Task description
The whole listing, please: repeat it exactly, with the pictures left out.

The data

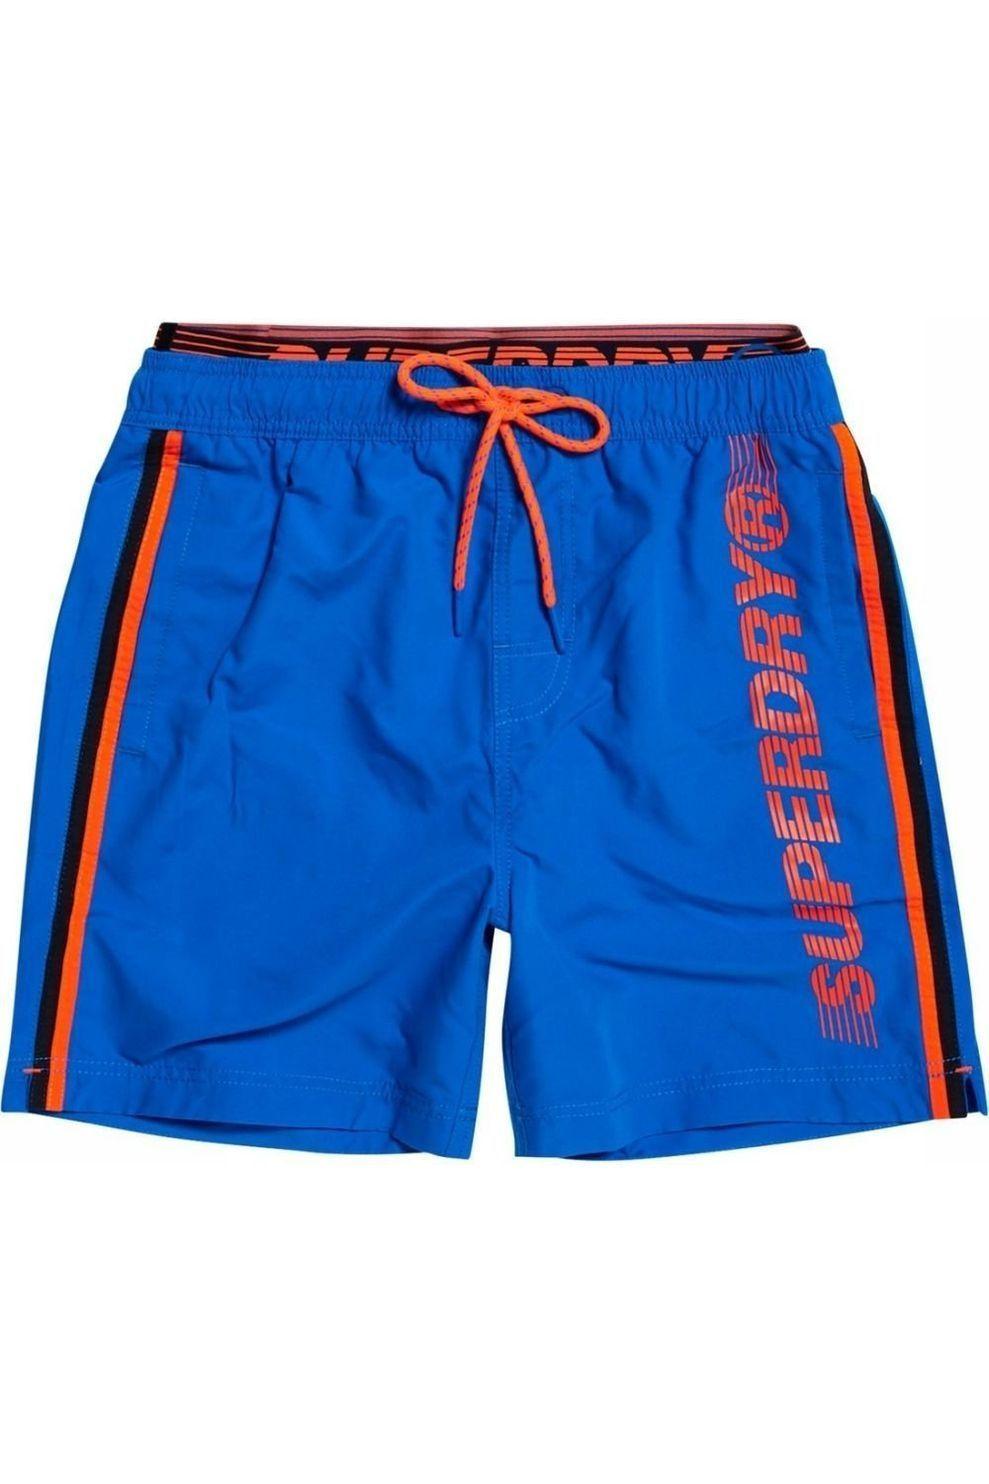 Superdry Zwemshort State Volley voor heren - Blauw - Maten: S, M, L, XL
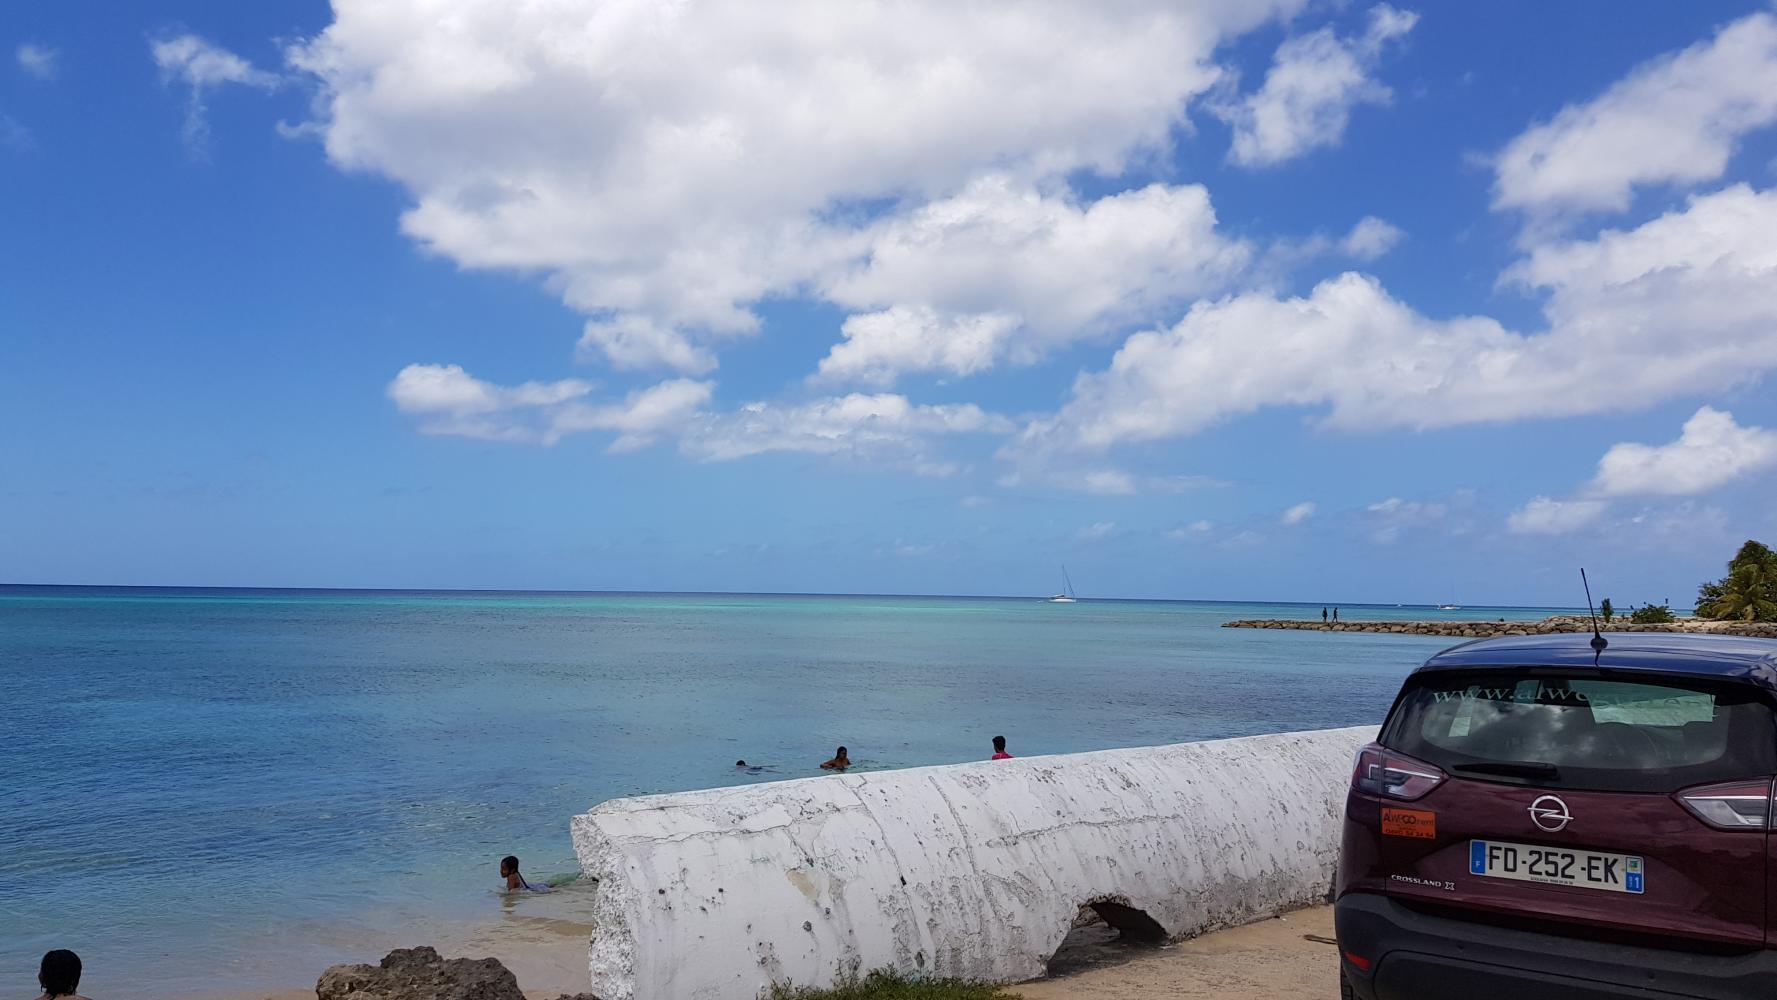 Louer une auto pour parcourir la Guadeloupe - Port Louis en Guadeloupe
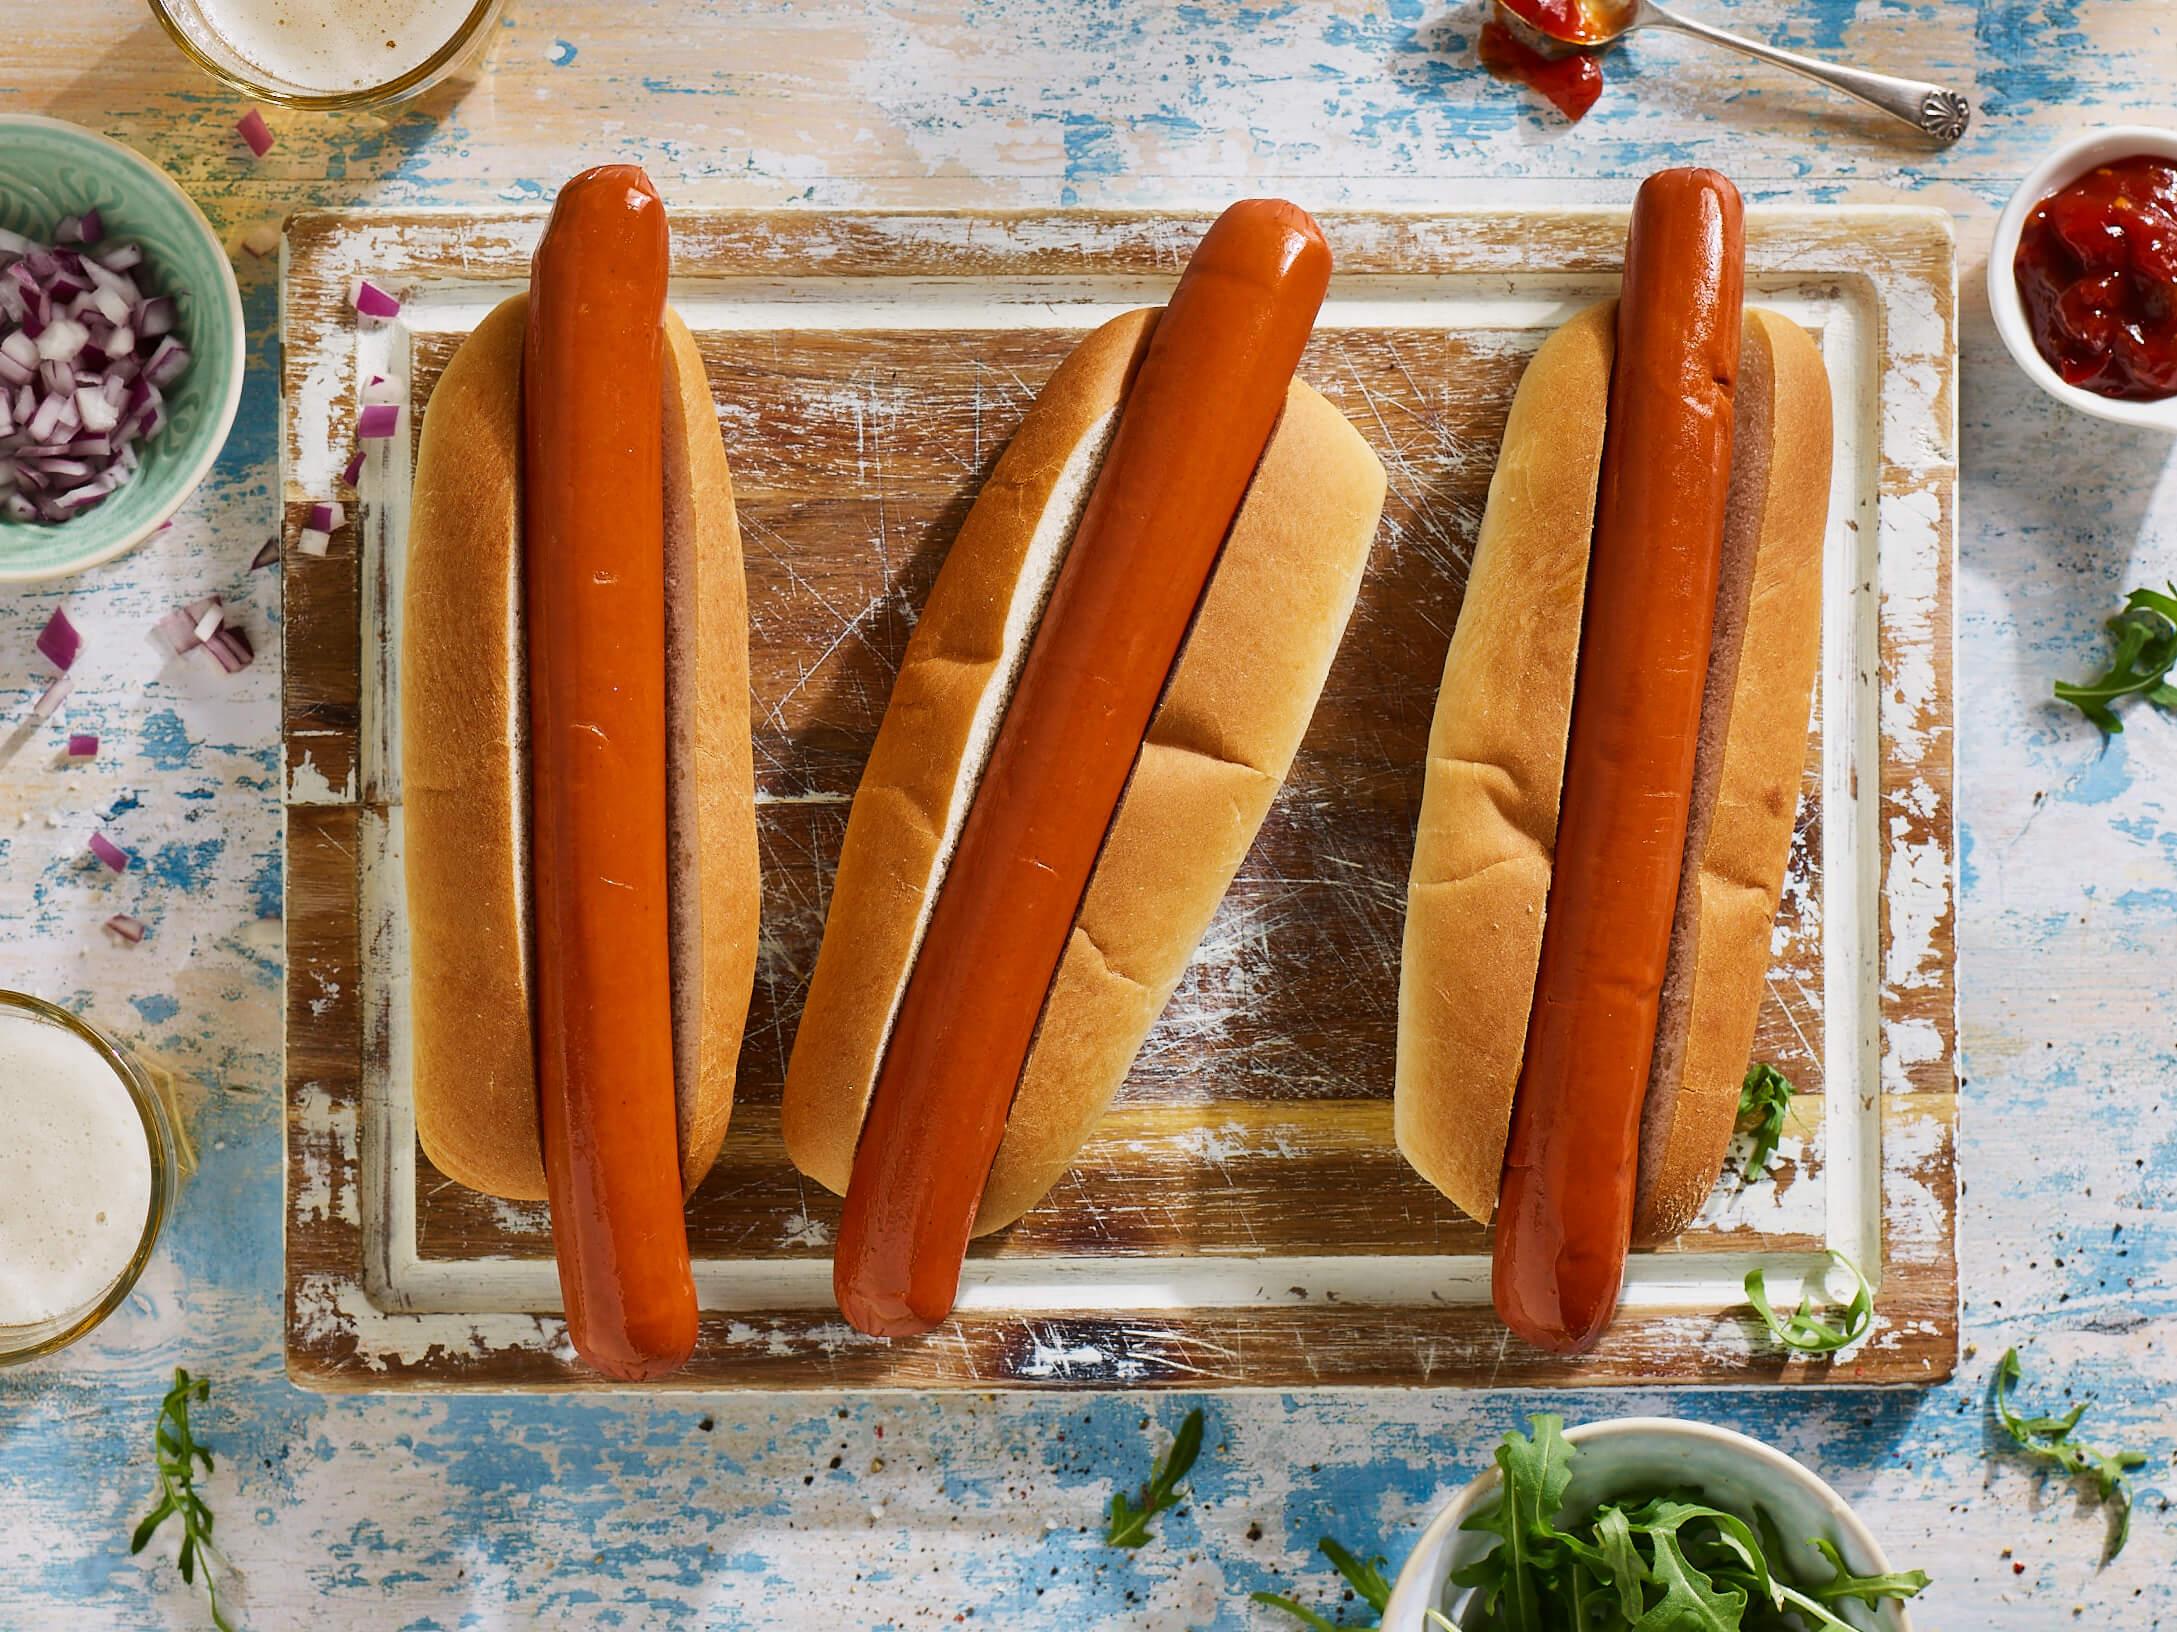 Jan Zandbergen Group - Moving Mountains hotdogs

Output of the task
 Superdry Zwemshort State Volley voor heren - Blauw - Maten: S, M, L, XL
 Louer une auto pour parcourir la Guadeloupe - Port Louis en Guadeloupe
 Jan Zandbergen Group - Moving Mountains hotdogs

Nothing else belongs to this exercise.